Literary history in the big picture

In addition to our historical sequence, a pre-1800 course will offer indepth attention to a particular writer or historical question, or else will trace fundamental literary questions across a wide expanse of time, to highlight the nature and importance of historical change and the nature of literary development.  How has the idea of a theater changed from the York Corpus Christi play (15th c.) to Arthur Miller’s Death of a Salesman (1949)?  By encountering these and other topics, you should learn how the histories we tell depend on the questions we ask, the assumptions we bring to the historical record, and the archive we establish. You should also learn how much is at stake when we declare what is pre-modern, what is modern, and what is post-modern.

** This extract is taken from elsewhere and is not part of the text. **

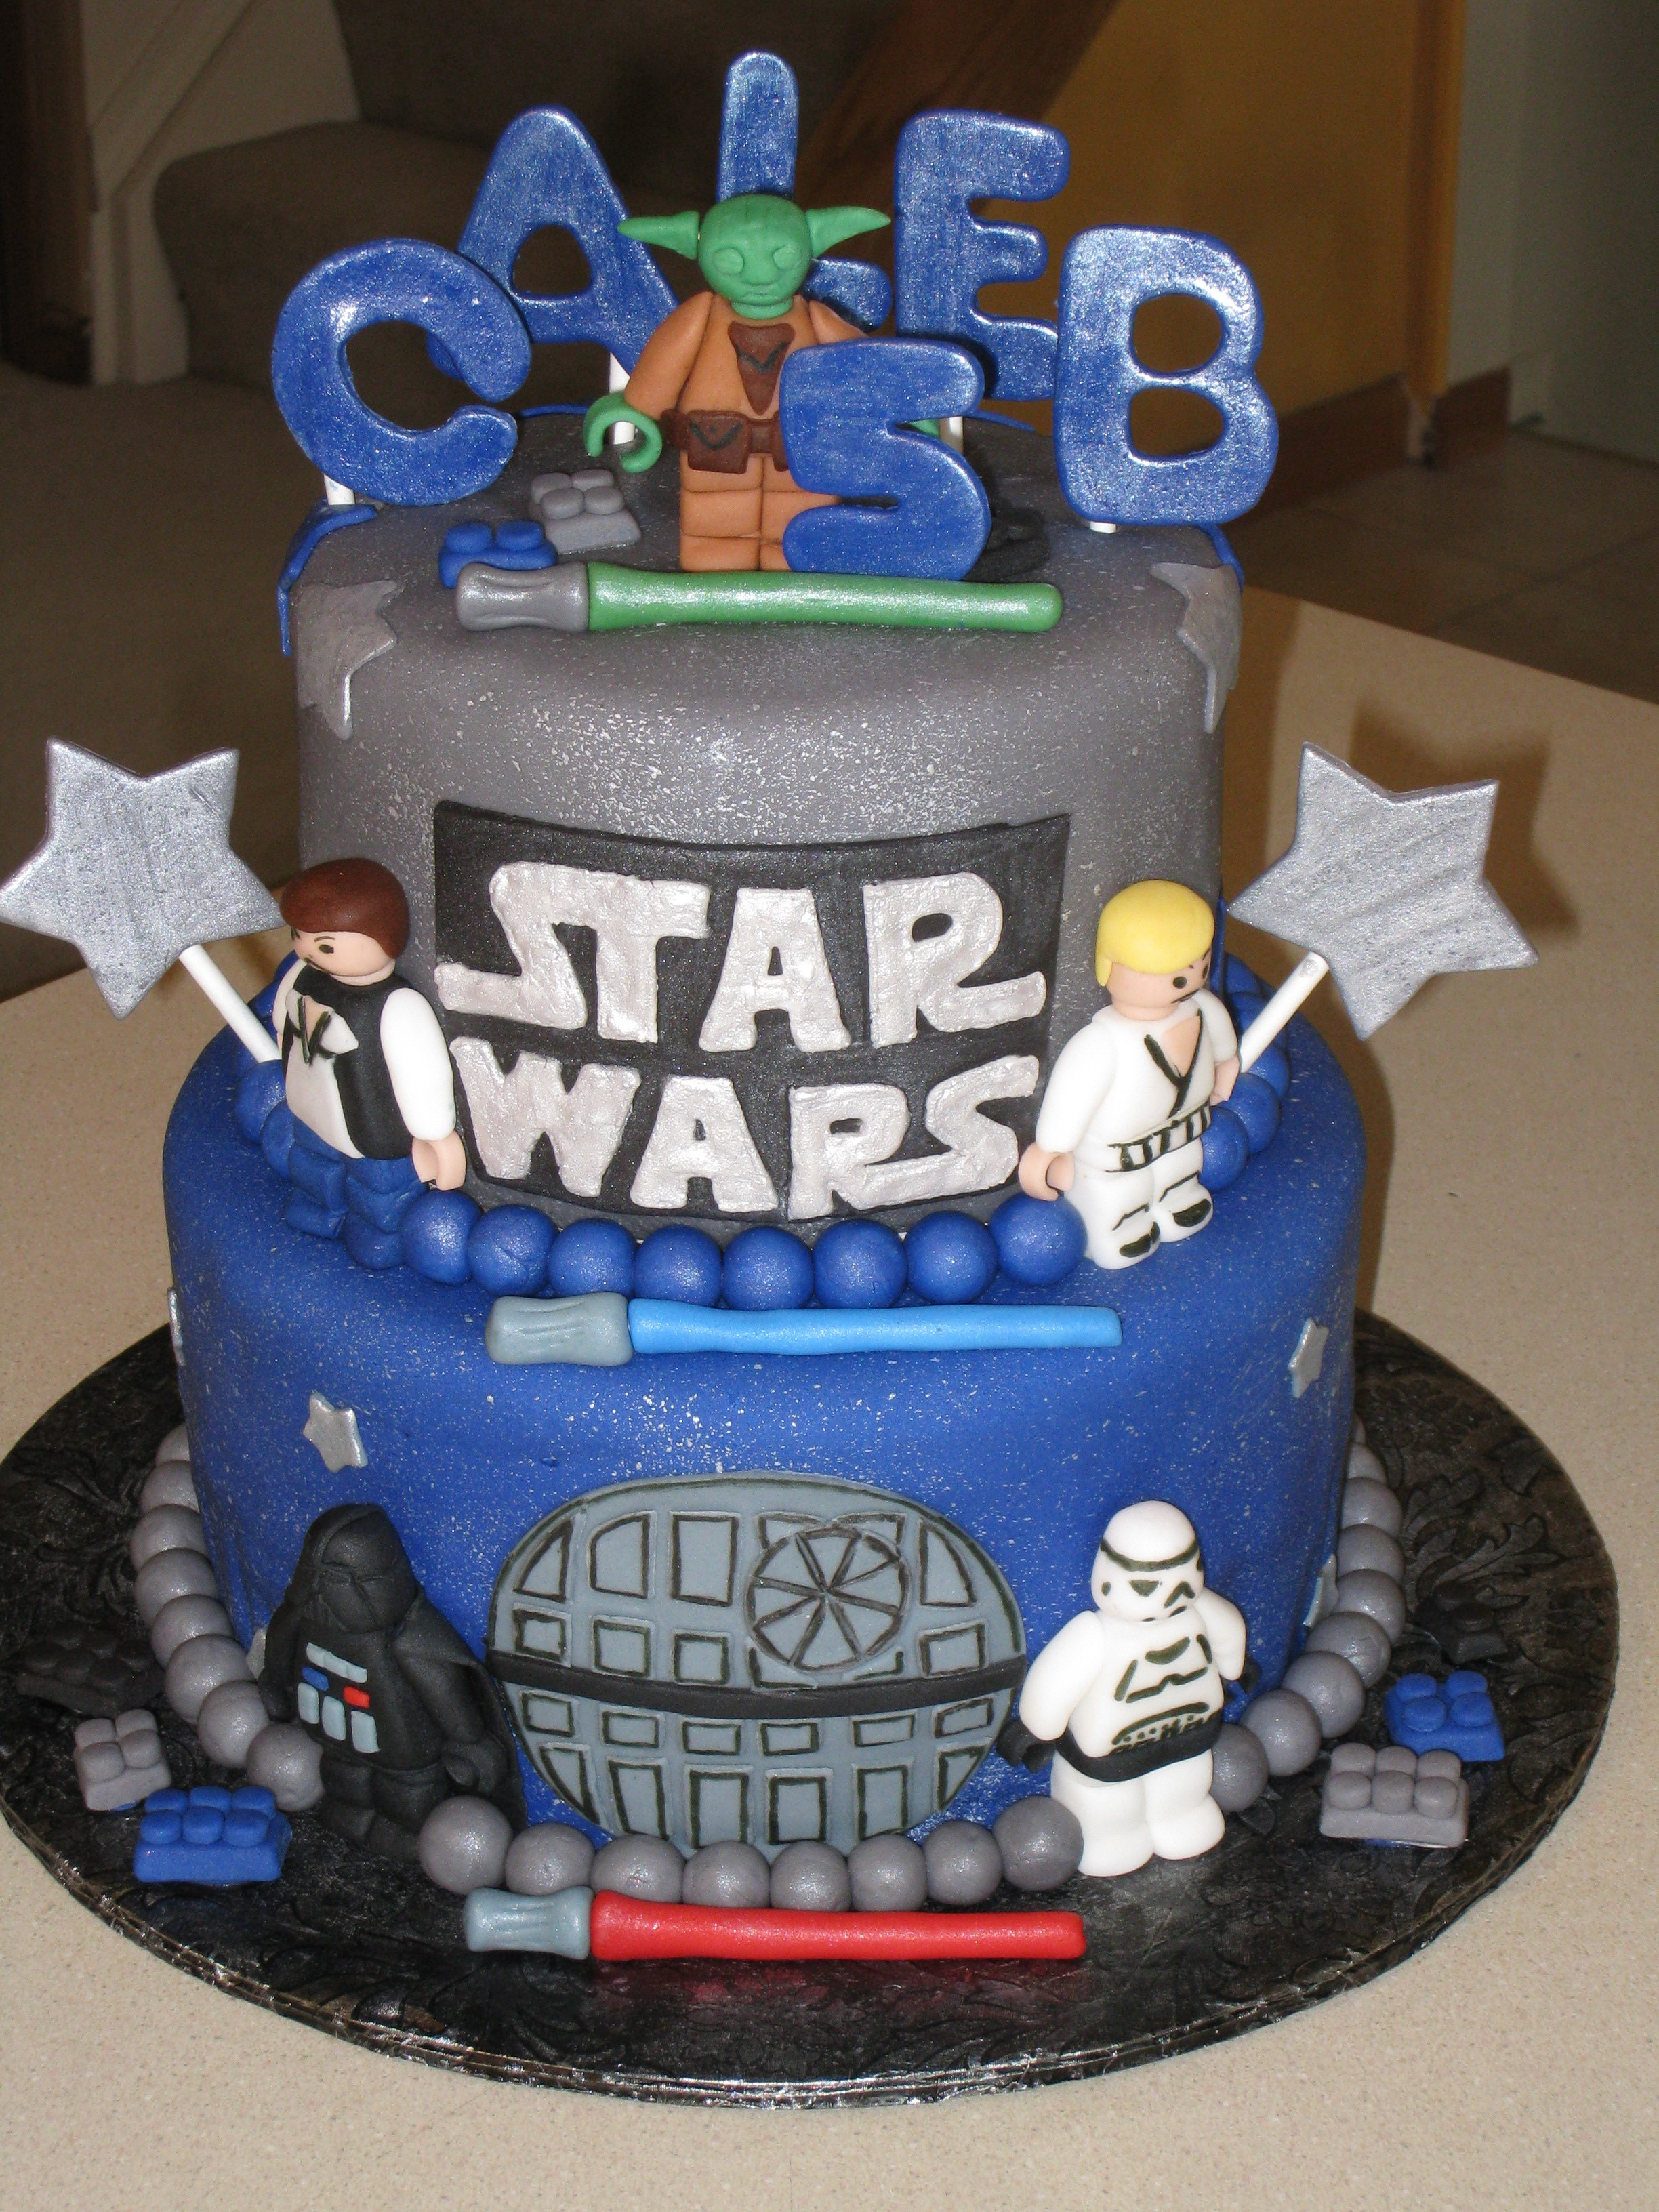 Star Wars Lego Birthday Party Decorations

Mastering interpretive methods

Our methodology requirements, Poetry and Poetics and Narrative and Narrative Theory, introduce you to some of the most important interpretive methods we use to bring literary texts to life. In the first, you learn about poems as formal artifacts that tell their own history of human expression. In the second, you learn to think about story telling from a technical perspective. What is it? How does it work? How has it changed over time? In addition, a "Writing Intensive Seminar in English" (WISE) course will introduce you to a range of critical methods, while offering a writing-intensive experience in a small seminar environment. WISE courses also satisfy our Writing in the Major (WIM) requirement.